When numerically controlled equipment is available, center drilling is
often used for locating and starting holes. The two examples that follow
describe operations in which certain drilling and the use of numerically
controlled machines eliminated the need for drill jigs. In some applications,
the use of spiral point drills has eliminated the need for jigs or center
drilling when numerical control is used on the machine.
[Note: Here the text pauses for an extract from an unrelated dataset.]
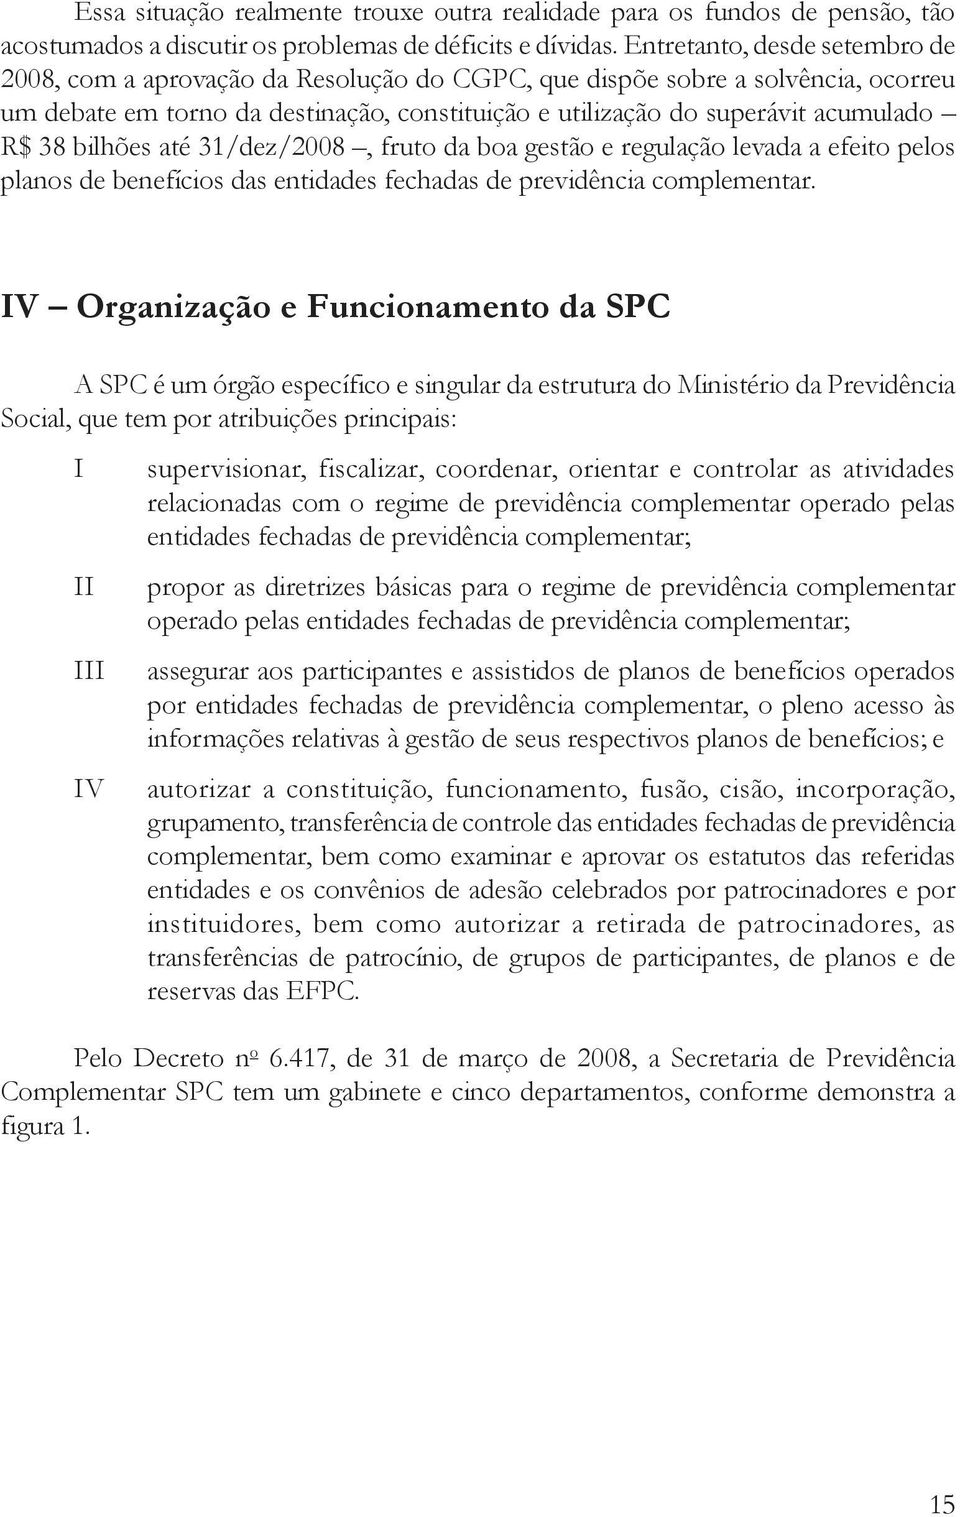 38 bilhões até 31/dez/2008, fruto da boa gestão e regulação levada a efeito pelos planos de benefícios das entidades fechadas de previdência complementar.

==============================================================================
Nominal Speeds and Feeds for Drilling Stainless Steels
with High Speed Steel Drills
Type of Condi- Brinell Speed Feed (ipr) for nominal diam.(in.) of:
steel(a) tion(b) hardness sfm .125 .250 .500 .750 1.000 1.500 2.000
FM Fer Ann 135 to 185 140 .003 .005 .010 .014 .018 .020 .025
FM Mar Ann 135 to 185 140 .003 .005 .010 .014 .018 .020 .025
Ann or CD 185 to 240 130 .003 .005 .010 .014 .018 .020 .025
Q & T 275 to 325 65 .002 .004 .006 .008 .010 .014 .018
Q & T 375 to 425 40 .001 .002 .004 .006 .008 .009 .010
FM Aus Ann 135 to 185 100 .003 .005 .010 .014 .018 .020 .025
CD 225 to 275 90 .003 .005 .010 .014 .018 .020 .025
Ferritic Ann 135 to 185 60 .002 .003 .006 .008 .010 .014 .018
Mar(410) Ann 135 to 185 70 .003 .004 .006 .008 .010 .014 .018
Ann 175 to 225 60 .002 .003 .006 .008 .011 .014 .018
Q & T 275 to 325 50 .002 .003 .005 .008 .011 .013 .016
Q & T 375 to 425 40 .001 .002 .004 .006 .008 .009 .010
Mar(431) Ann 225 to 275 50 .002 .003 .005 .008 .011 .013 .016
Q & T 275 to 325 45 .002 .003 .005 .008 .011 .013 .016
Q & T 375 to 425 40 .001 .002 .004 .006 .008 .009 .010
Mar(440) Ann 225 to 275 40 .002 .003 .005 .009 .010 .012 .013
Q & T 275 to 325 35 .001 .002 .003 .005 .006 .008 .009
Q & T 375 to 425 25 .001 .002 .003 .004 .005 .006 .007
Q & T Rc 48 to 52 20 .0005 .001 .002 .002 .003 .003 .004
Aus(304) Ann 135 to 185 50 .002 .003 .005 .009 .010 .013 .016
CD 225 to 275 45 .002 .003 .005 .008 .011 .013 .016
Aus(316) Ann 135 to 185 45 .002 .003 .005 .008 .011 .013 .016
Abbreviations used:
FM = Free Machining Fer = Ferritic Mar = Martensitic Aus = Austenitic
Ann = Annealed CD = Cold drawn Q and T = Quenched and tempered
Hard = Hardened N and T = Normalized and tempered.